**What the task requires:**
Repeat all of the data below word for word, keeping no images.

**Supplied material:**
-- Opening Marker --

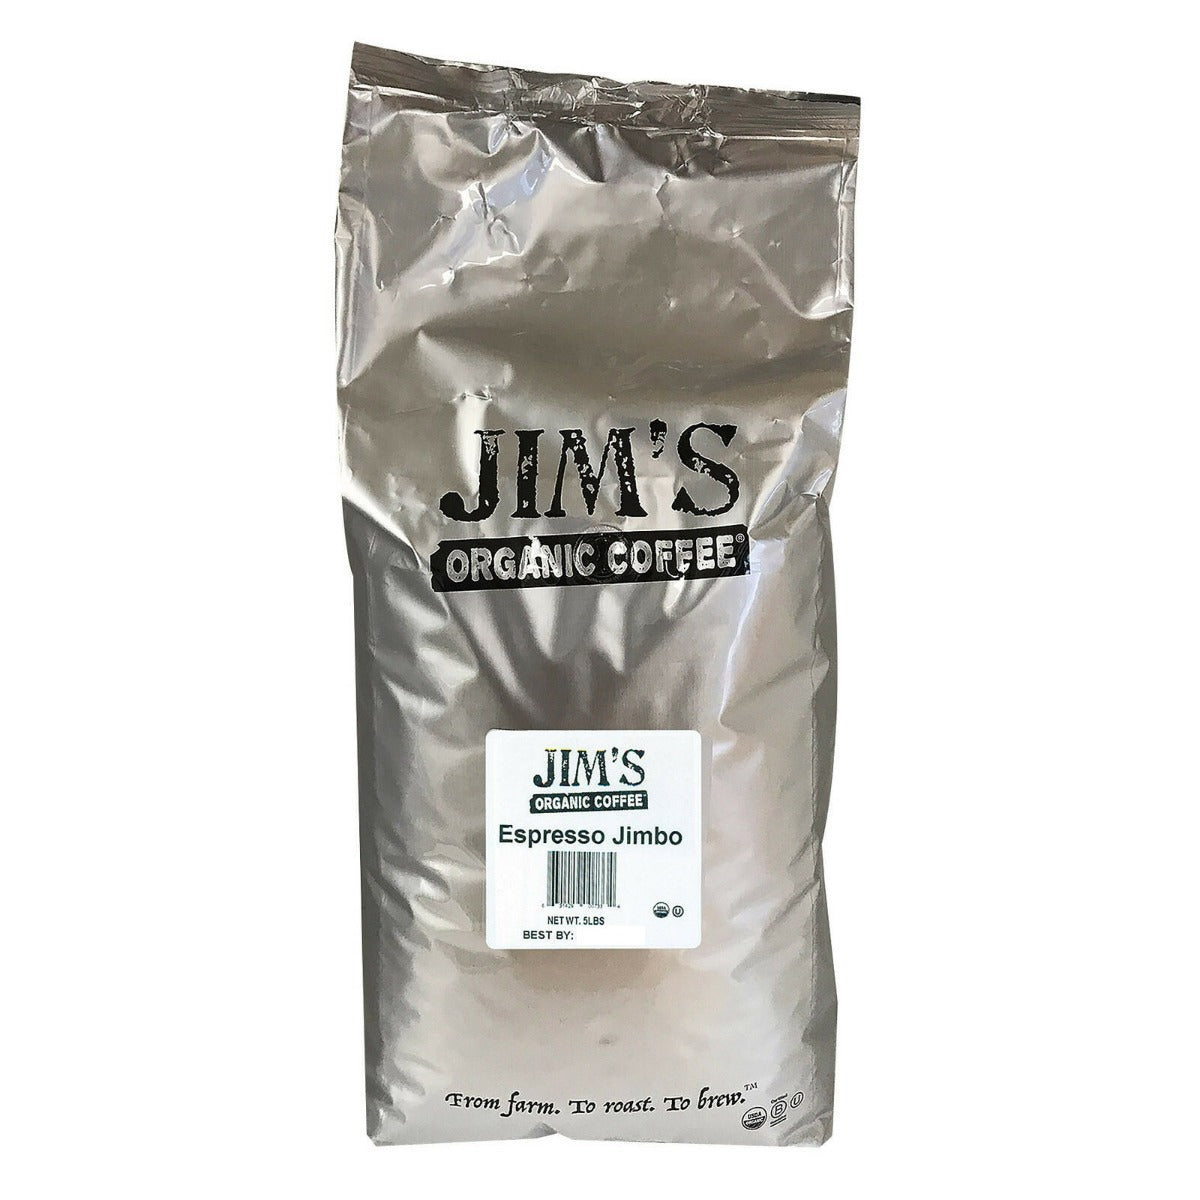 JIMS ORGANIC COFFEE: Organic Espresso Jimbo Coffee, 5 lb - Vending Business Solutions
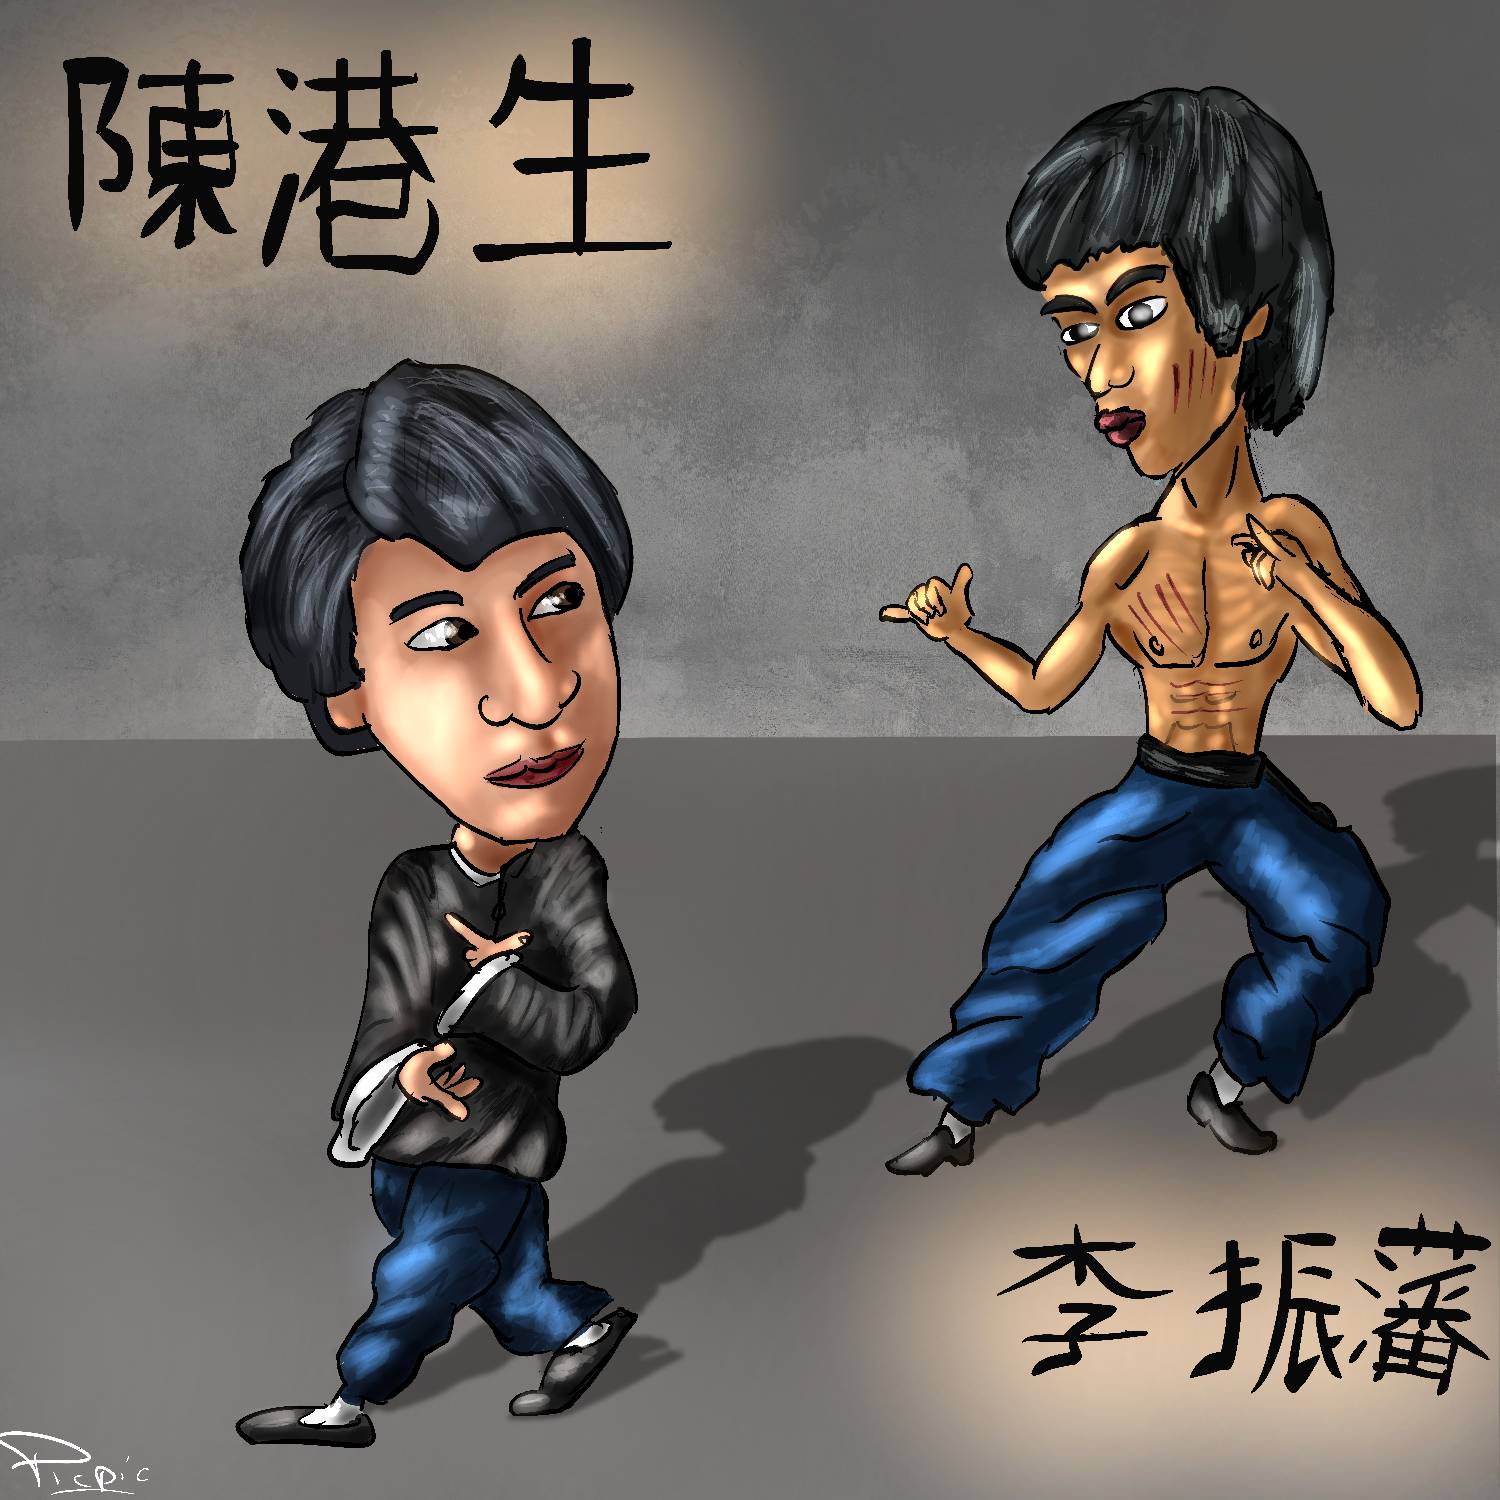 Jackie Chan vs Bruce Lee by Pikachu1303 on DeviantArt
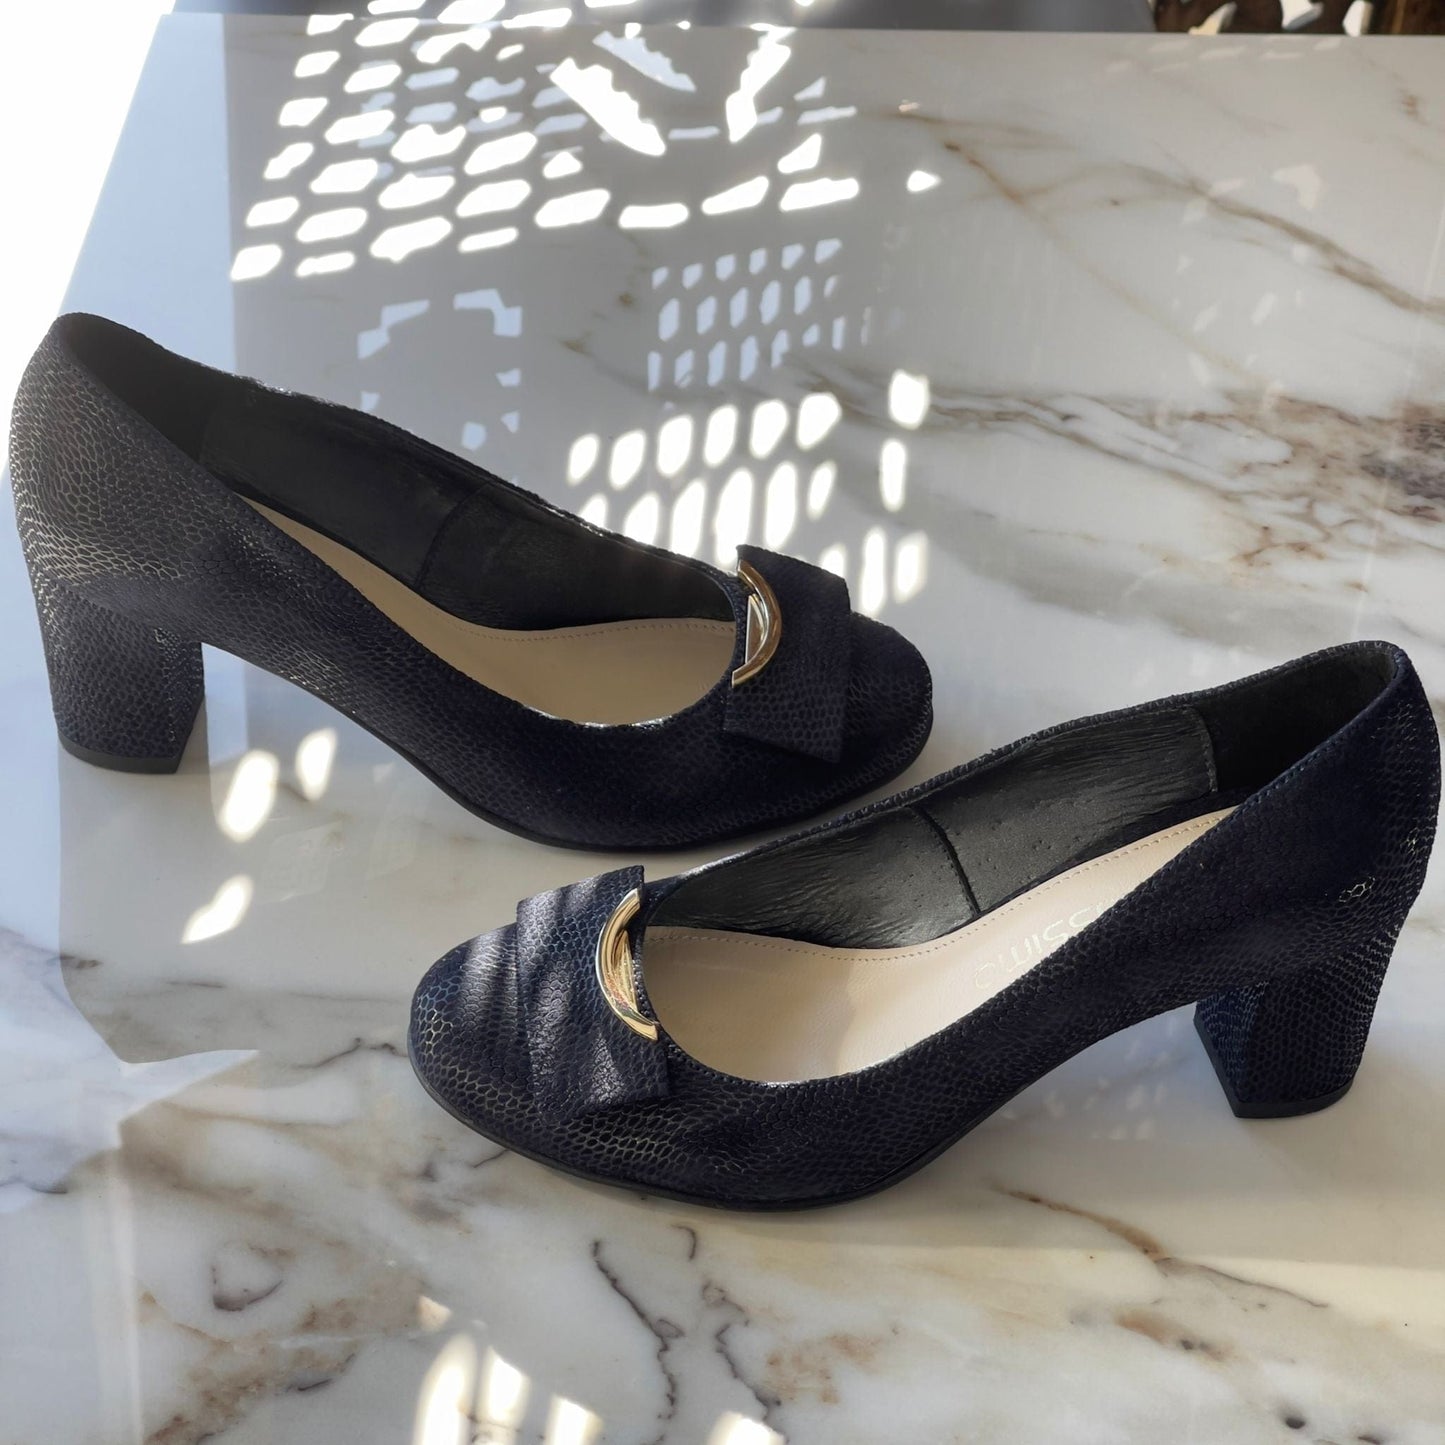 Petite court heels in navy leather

-- Closing Marker --

**Answer space:**
 JIMS ORGANIC COFFEE: Organic Espresso Jimbo Coffee, 5 lb - Vending Business Solutions
 Jackie Chan vs Bruce Lee by Pikachu1303 on DeviantArt
 Petite court heels in navy leather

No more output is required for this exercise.